Cascade Commentary

Who will be the next leader of the Conservative Party? Theresa May resigns sparking a new leadership contest

24 May 2019

Theresa May has today announced her resignation as of 7 June 2019 following a turbulent three years as Prime Minister. May's time in office has been dominated by negotiations surrounding the UK's vote to leave the European Union (EU) as Parliament remains unable to reach a consensus as to the way forward.

As a Remain voter, May came under significant pressure as she tried to unite her party while showing a hard line for delivering Brexit. In a heartfelt statement this morning, May said that she felt she had tried her best to deliver Brexit but conceded defeat and "deep regret" that she has been unable to do so. 

Her time in office has been marred by a series of troublesome decisions, including her decision to call a General Election in 2017 having repeatedly stated that she would not do so, which led to a reduced majority for the Conservative party in Parliament. She faced the biggest ever government defeat earlier this year in a vote on her Brexit withdrawal agreement, losing by a 230 margin, and has been unable to garner support since despite further attempts to do so. 

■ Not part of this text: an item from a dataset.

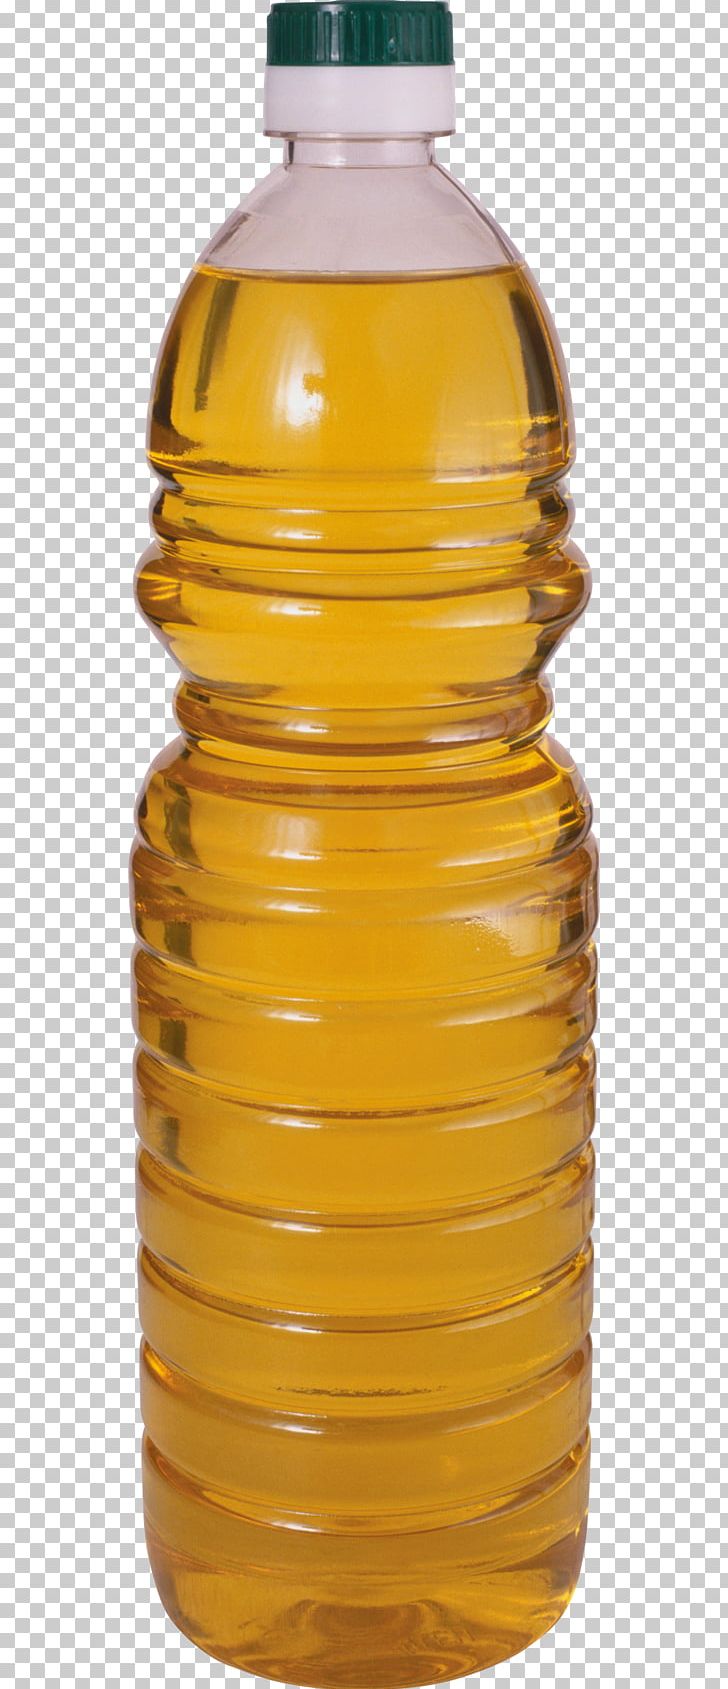 Soybean Oil Sunflower Oil Vegetable Oil Bottle PNG, Clipart, Bottle, Computer Icons, Digital Image, Food Drinks, Glass Bottle Free PNG Download

While many share disappointment for May given the difficulty of the task at hand, the country nows looks forward and awaits the appointment of the new leader of the Conservative party as Prime Minister of the United Kingdom and Northern Ireland. A statement from the Conservative Party Chairman and the Backbench 1922 committee has indicated that nominations for a new leader will commence from 10 June 2019. Conservative party MP's will then whittle down the options through a series of votes to leave a choice between two candidates for party members to then vote for the new leader in July 2019 ahead of Parliament's summer recess. 

So far, three Conservative Party members have announced their intention to run for the post including former Foreign Secretary Boris Johnson, former Work and Pensions Secretary Esther McVey and International Development Secretary Rory Stewart, although it is expected that many more will put themselves forward. 

Labour leader Jeremy Corbyn has called for an immediate general election in the aftermath of the appointment while Scotland's First Minister Nicola Sturgeon announced her worry at the prospect of an even more hardline Brexit path now being adopted with the potential for a very concerning "No Deal". 

In her resignation, May called for the next leader of the Conservative Party to continue in a spirit of compromise. Alongside the rest of the country, we will continue to watch closely as new leadership candidates put themselves forward for the post.